I wanted to find out the micron thickness coating for nickel metal being plated on ms parts.
Plating area will be in mm and time will be in minutes.
Your response be of great help. Thank you so much.
Regards
Plating Team Lead - Mumbai, India
January 10, 2023
A. Hi Krishna. Sorry, the "Electrochemical Equivalents" chart in the Metal Finishing Guidebook is in English units, not metric. But it does at least give you the factor 1.095 grams per amp-hour for nickel (at 100% efficiency). I don't know of any availability of that chart in metric, but if your team generates it we'll be happy to post it :-)
Meanwhile, you can calculate it for nickel from Faraday's Law and the example on this thread.
Luck & Regards,
Ted Mooney, P.E. RET
Striving to live Aloha
finishing.com - Pine Beach, New Jersey
⇩ Related postings, oldest first ⇩
Q. I am currently conducting a Hull Cell test to find out the relationship of Sn/Pb plating thickness with current. I used 0.5 to 5 Amperes of current. In this connection, I would like to know if you have any previous studies on this topic and if there is could you please send it to me. Is there an equation already existing on this relationship? What is it? The results of this experiment will be used for predicting plating thickness for a given current.

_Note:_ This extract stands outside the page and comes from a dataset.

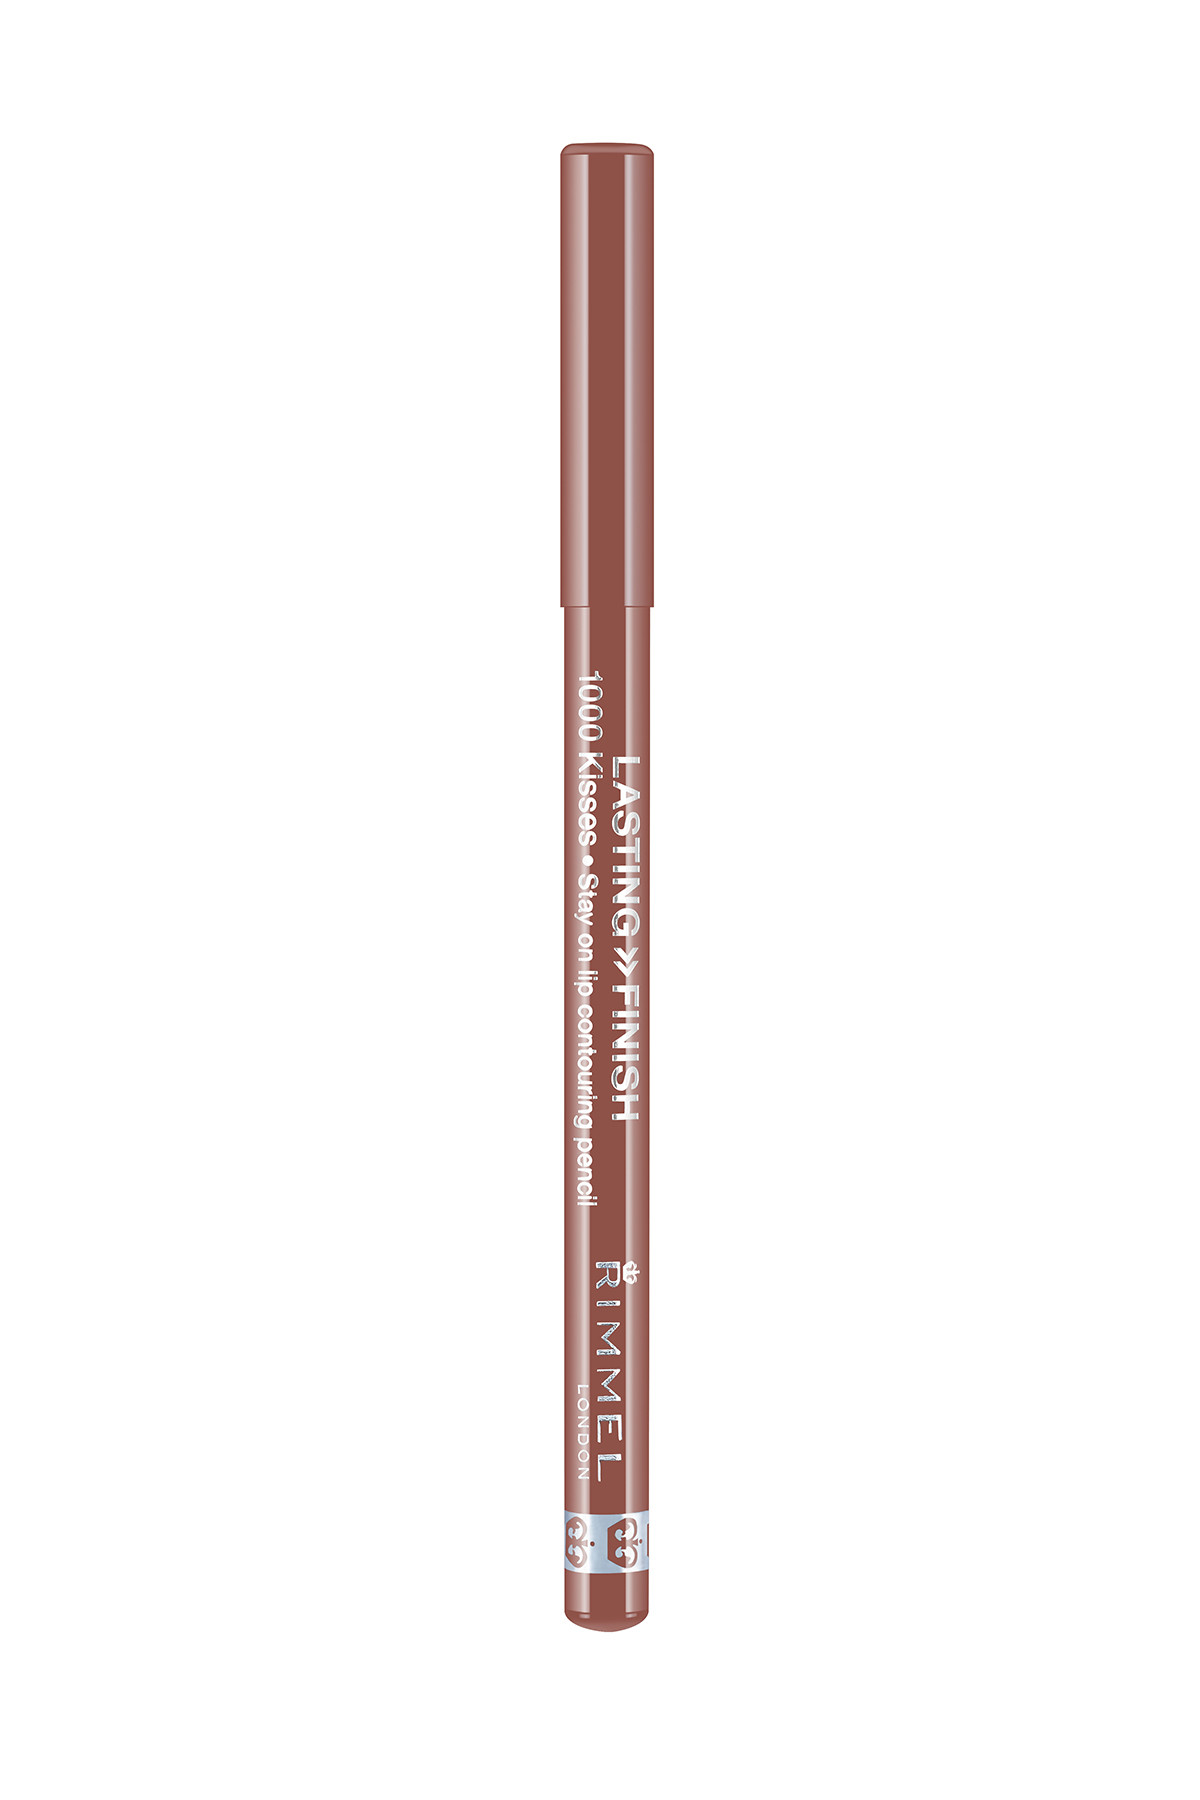 RIMMEL LONDON Dudak Kalemi - Lasting Finish 1000 Kisses Lip Liner 050 Tiramisu 1,2 g 5012874027620 2

Please respond as soon as possible.
Thank you and More Power!
Leah B. Patino- Cebu, Philippines
2001
A. Hello, Leah. "Faraday's Law of Electrolysis" explains it. It says that one Faraday of electricity (96,485 ampere-seconds) will electrodeposit one gram molecular weight on the cathode.
Ted Mooney, P.E.
Striving to live Aloha
finishing.com - Pine Beach, New Jersey
Q. Sorry, I was not able to stress in my letter that I am more interested in other equations or correlations between the relationship of plating thickness and current aside from the Faraday's Law. Is there one existing?
Regards,
Leah B. Patino [returning]- Cebu, Philippines
sometimes on
AbeBooks or Amazon
(affil links)
free pdf is currently available from academia.edu
A. Hello again Leah. I'm not sure whether I am misunderstanding you, or you are misunderstanding me, but there is little more to say about the relationship between the amount of electricity used and the quantity of the deposit after Faraday's Law has been introduced because it explains the simple science behind it: if you pump "x number" of electrons (measured in ampere-seconds) through the external wiring from the anode to the cathode, an equal number of positive charges must flow from the anode to the cathode to balance it. The general way that this occurs is the resulting metallic ions (which were stripped of some of their electrons) oxidize & dissolve into solution, and migrate across to the cathode, where they are reduced to metal again when they re-meet the electrons.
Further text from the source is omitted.